这次他们只用了两天就到了云州,一路上的风云翻涌,让扶苏对修道有了一点点感悟,往自然的另一面跑去就是在修道,不自然是修道的真理。他们落地问月城城门的时候刚好午时,一进城内,行人不多,店铺门口都还摆着没有搭完的花灯架子,过完年,元宵快到了。
扶苏还是有点恍惚,十六年过去了,他的父母是否都安好?他以这样的面容回来是不是会吓到他们?
玄慎拍了拍扶苏的肩膀,“不用担心,扶苏,林城主他们不会吓到的!”
扶苏点了点头,在前面带路,三人很快走到了林府门前,这座宅邸看不出有任何变化,只是门口的守卫已经换过好几批,扶苏和他们不相识。他站在大门口,望着敞开的大门,一言不发,守卫见他不言语不行动,上前驱赶,“城主府邸,闲人速退!”
玄析和玄慎还是站在扶苏身后,扶苏低下了头,再抬头刚要说话,就看到徐意缓慢地在往门口走过了。

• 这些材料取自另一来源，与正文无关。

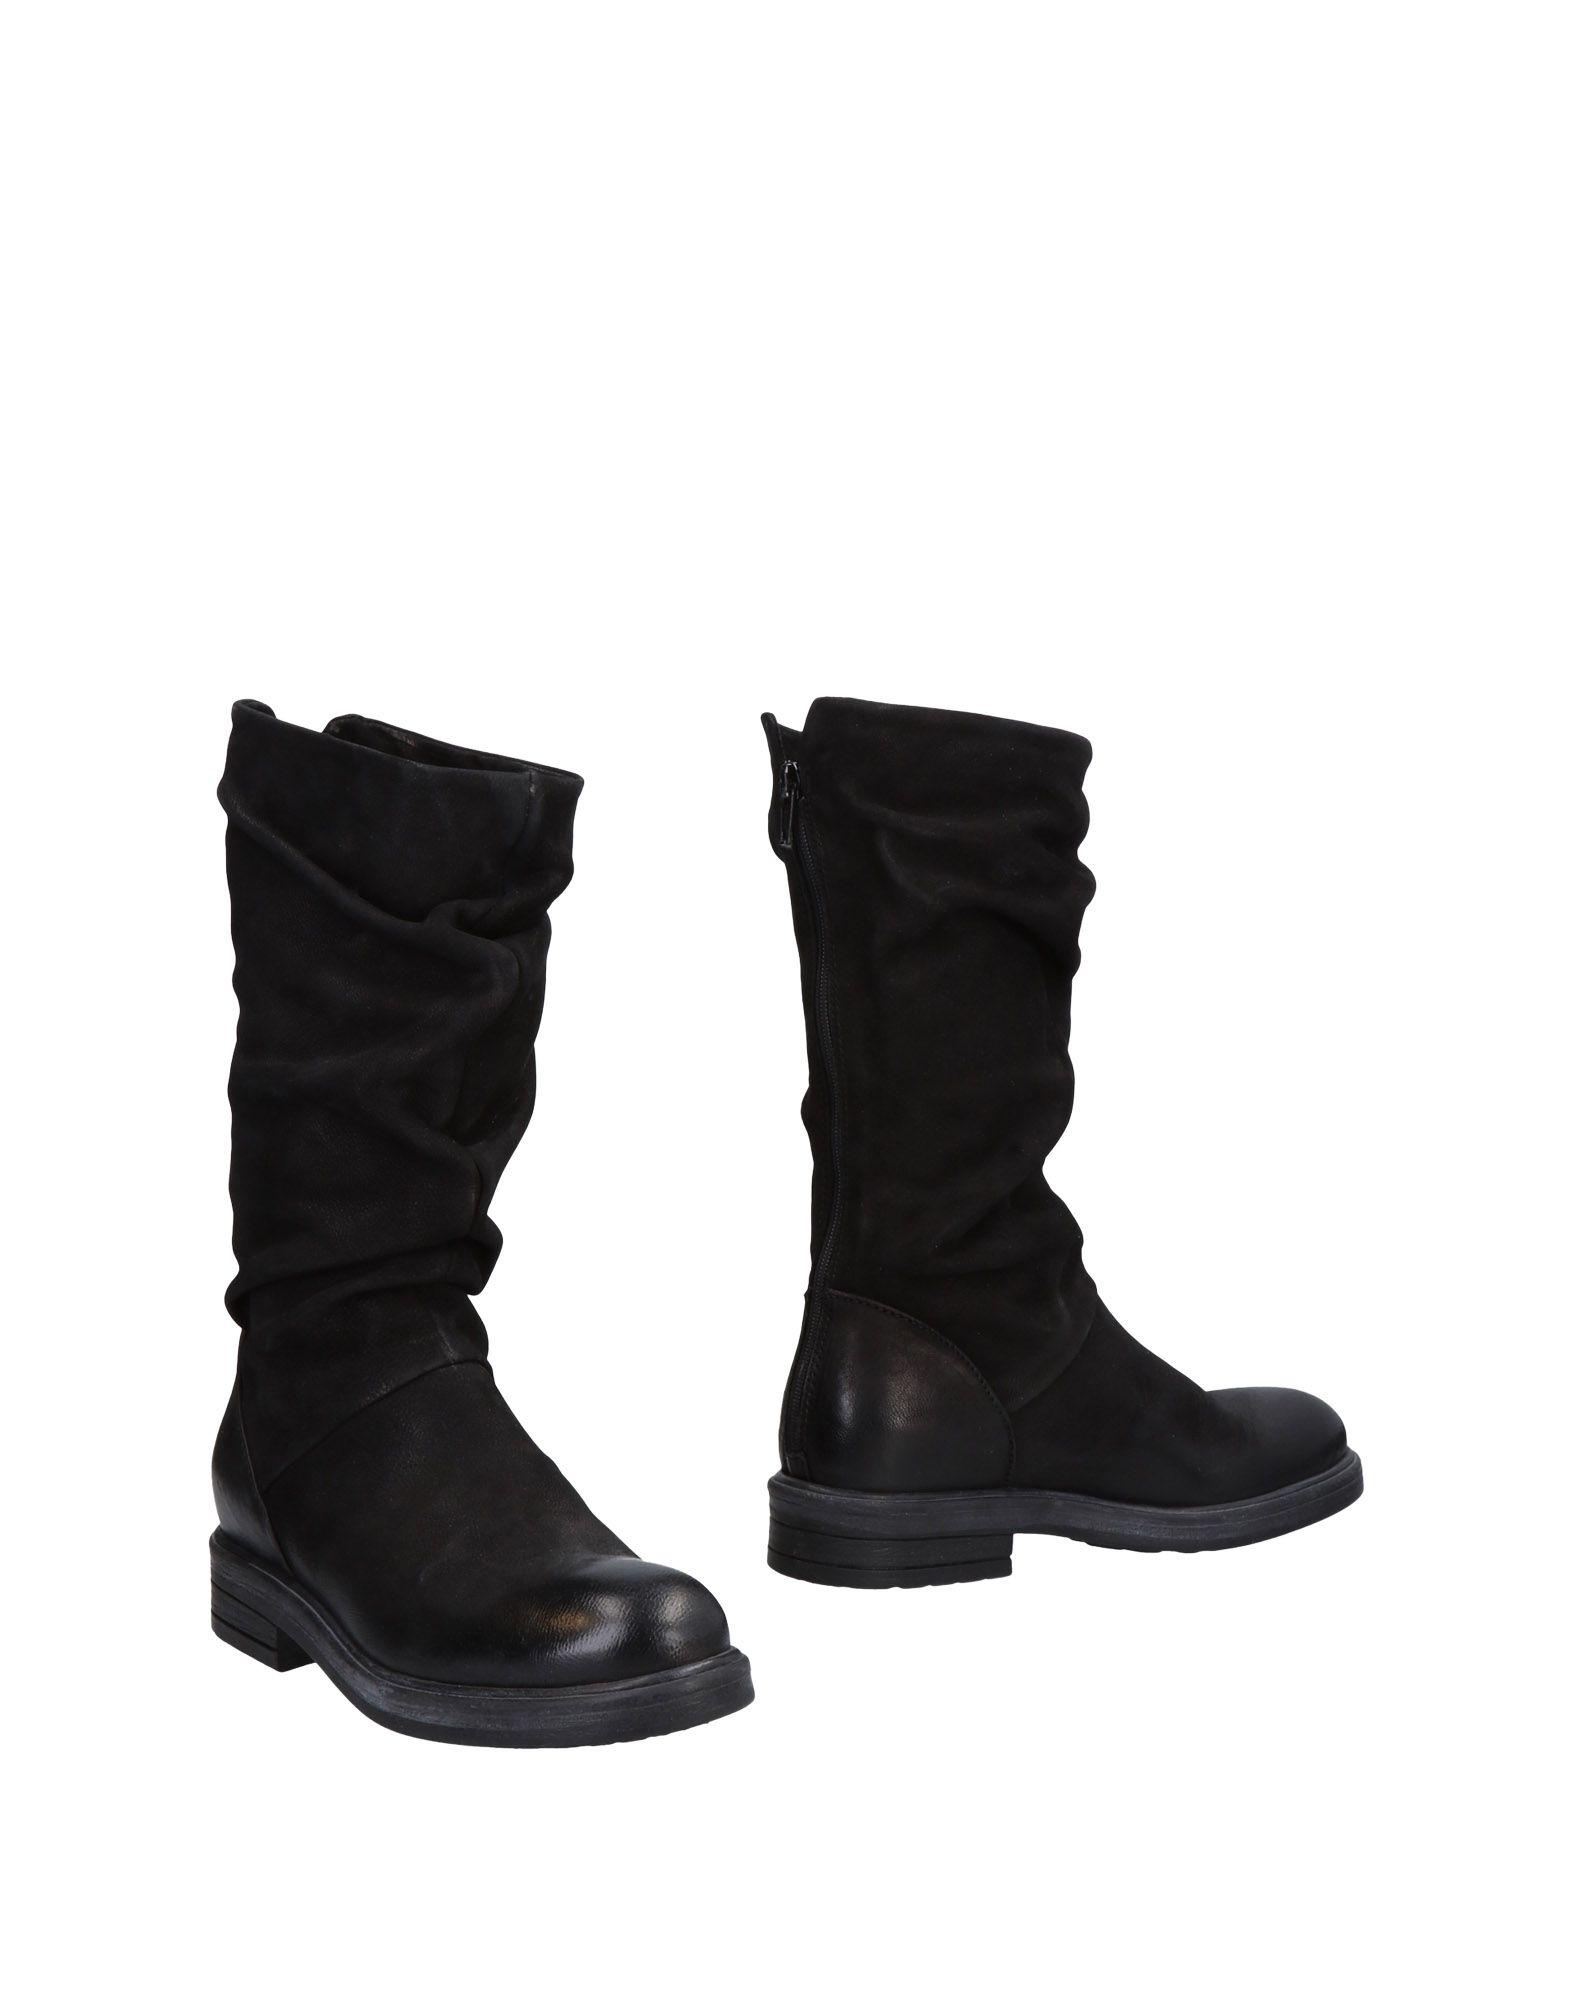 Fabbrica Deicolli Stiefel Damen  11467257OI Gute Qualität beliebte Schuhe

如果是十六年前,她会奔跑着冲到他面前的。扶苏的双眼潮湿,看到了徐意带着晶莹光芒的满头银发,听到了徐意很大声地喊了他的名字,“扶苏!”扶苏奔跑着冲到了徐意的面前,直直跪了下去。
徐意刹那惊讶过后,低头看着扶苏乌黑油亮的头顶,后退一步看到了他的滑落的泪水,她捧起扶苏的脸,首先看到了扶苏的眉眼,他的双眼在不断地流出泪水,她心里确信这是她怀孕十月生下的孩子,可是他的样子变了,这十六年他在昏迷中是不是经历了什么不好的事情,才会变成这样子。
徐意心痛地喊了一声:“我儿!”将扶苏紧紧抱在怀里,她不应该让玄离带着扶苏去游历的。
守卫闻言皆是一脸震惊,面面相觑,在外游历十六年的扶苏公子回家了?他们没有见过扶苏,但不解为何他还是那样年轻。他们逐渐想到带扶苏离开的那个人,离家二十八载,归来时还是少年模样。这世间真的有让人长生不老的地方,他们不自觉后退,玄析和玄慎走上台阶,徐意和扶苏的不远处停了下来。
徐意拉着扶苏站了起来,“扶苏,你还好吗?”她抚摸着扶苏的脸庞,“这十六年你一定很难过,对不住,阿娘错了,阿娘不应该让你离家,现在回家了就好。”她紧紧抓住扶苏的双手,朝外喊道:“来人,快去本家请城主回来。”守卫应声领命。徐意看清了玄析和玄慎,她和玄析见过面,她还记得他,他是小九的七师兄,他的容貌未曾变化。
玄析和玄慎也上前来见礼,“青崖观玄析、玄慎见过徐夫人!”
徐意听到这个称呼,笑了,她想起玄止也是这样喊她的,她点了点头,作揖拜谢,“徐意见过两位山人!感谢两位山人护送犬子归家。”
玄析和玄慎不敢受礼,侧过身去,玄析连忙开口阻止,“徐夫人太客气了,是我们青崖观没有照顾好扶苏,不敢受夫人这一礼。”
徐意摇了摇头,知道当年之事是扶苏的意志,是非对错都是扶苏选择的结果,她没有怨怼,也尊重扶苏的选择。她再次紧紧抓住扶苏的手,向玄析玄慎招呼道:“二位山人,快请进!”又向她身旁的女使吩咐道:“快去叫厨房备菜!”珠儿点头退下。
四人进了客厅,刚入座,林风就从屋外跑了进来,他和徐意一样心有所感,在守卫去传话之前,所以已经往家里赶了。他看了一眼玄析和玄慎,目光停驻在扶苏的脸上,他的眉头紧皱,拉着双眼的皱纹一起波动,他慢慢地喊了一声“扶苏!”